Things I remember with Lloyd:
What a tennis player!
A bit of golf. I would ride my dikwiel fiets to the hostel, pick up Lloyd and a golf bag and with him on the cross-bar, cycle to the country club where we’d while away the hours “playing golf”. Sort of. On the bike we would sing – him way out of key, me melodiously:
“Let the spidnight mecial.
“Line a shite on me
“Let the spidnight me-ecial
Line a helluva lotta shite on me . . “
Me and my mate Lloyd! There was this (where we almost escaped a para-military fate worse than death) and this (where we acted very speronsibly) and this (where we were instrumental in setting Kai up for his great success in farming).
What we didn’t know was this – from his amazing sister Filly:
I don’t know if any of you or his other mates were aware but Lloyd was hugely dyslexic – not really recognized way back then. Lloyd hid it under his happy-go-lucky facade and was told throughout his schooling he was stupid and lazy and all sorts. Lloyd in actual fact did not matriculate and eventually left school in 1973 being 19 without getting higher than Std 8. He went off to the army in 1974 for 18 months.
He married in 1979. Things went pear-shaped on our farm in Bethlehem with them partying and spending everything they had. My dad Fred bought him a Bayer agency and they moved to Pongola in Natal. Then to White River where his business was thriving and they were very successful but for some unknown reason his wife was very keen to move to the Cape – George and Wellington – and after a few years they were living way above their means. The marriage fell apart and Lloyd owed hundreds of thousands of Rands. He moved alone, with nothing but a bakkie my dad bought him, to somewhere near Pongola and we lost touch.

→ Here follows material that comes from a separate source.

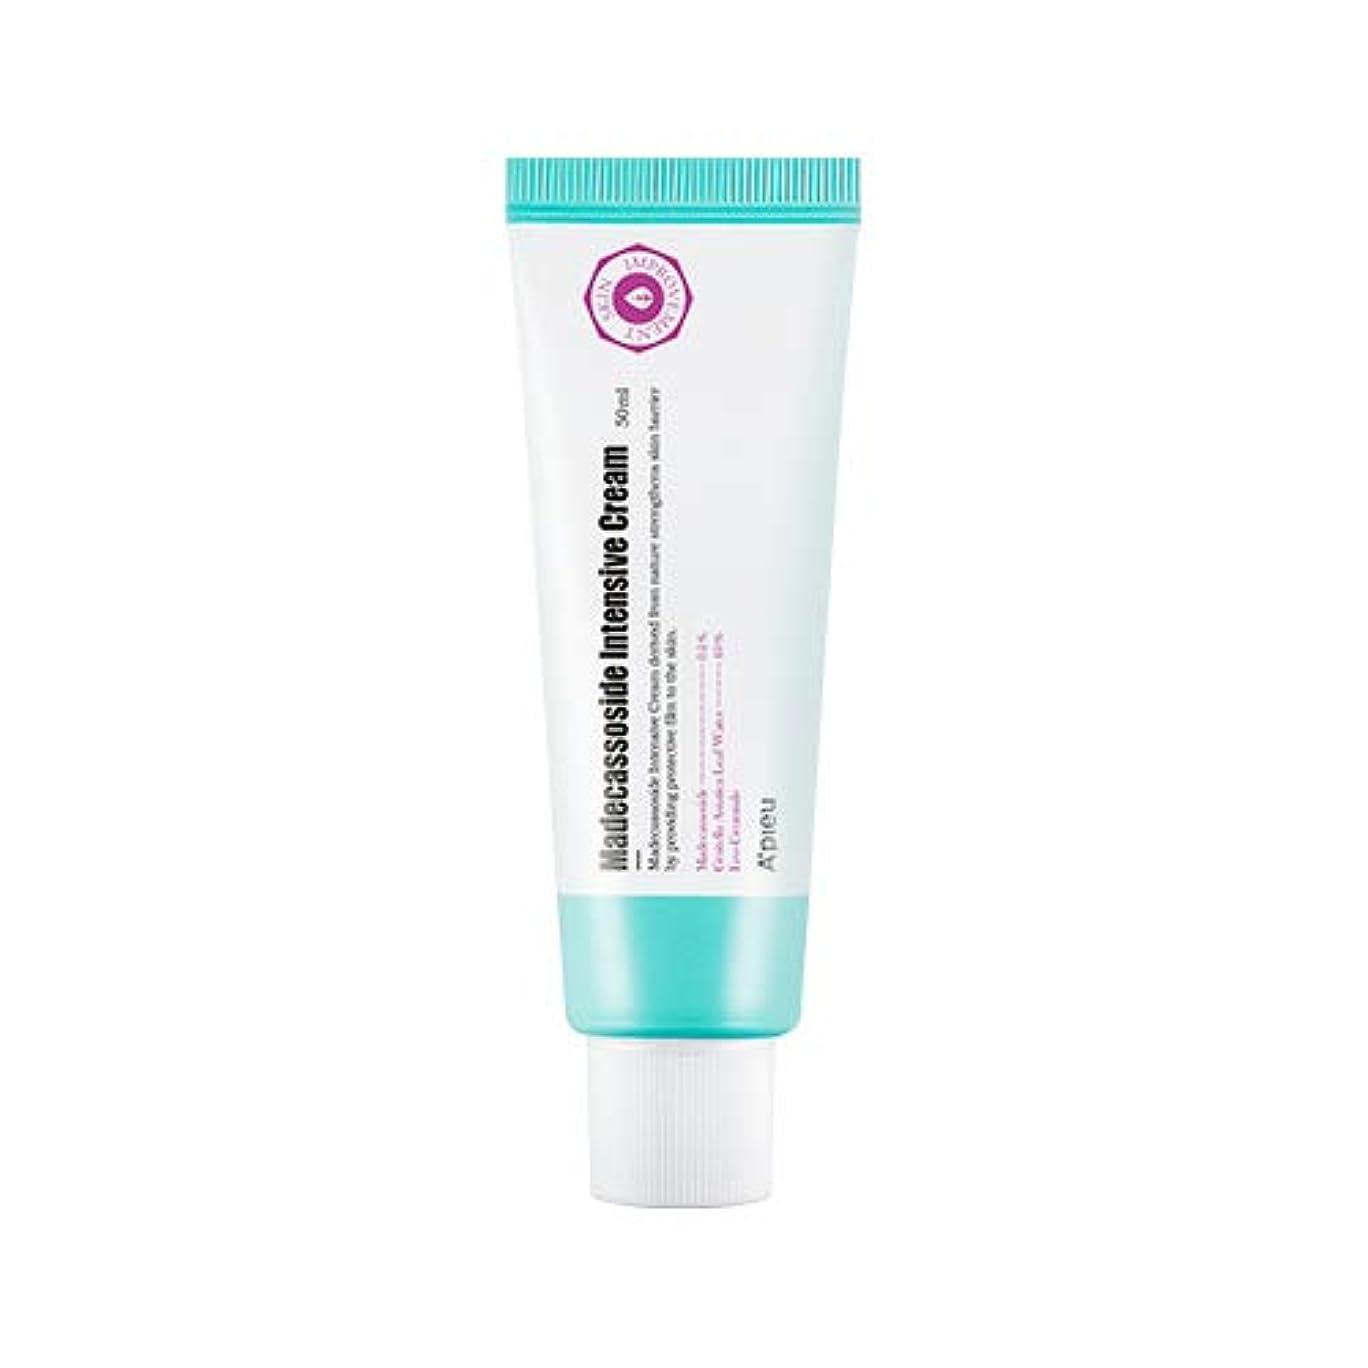 バランスバイバイ気分アピュ マデカソシド インテンシブクリーム 50ml / APIEU Madecassoside Intensive Cream 50ml [並行輸入品]

I eventually tracked him down, no car – written it off when he was two sheets to the wind. He was living on a verandah with a woman who was also homeless. A great friend of ours Dave Kahts drove me down to find Lloyd. It was his 50th birthday – and he looked awful.
My wonderful husband John told me to settle all his debts and bring him to Zim to live with us. Problem – he had no passport, so we sorted that and brought him here where John gave him a job in Mozambique. Sadly the farm invasions had started in Zim a few years earlier and we were hanging on to ours with every muscle in our bodies, but eventually lost it.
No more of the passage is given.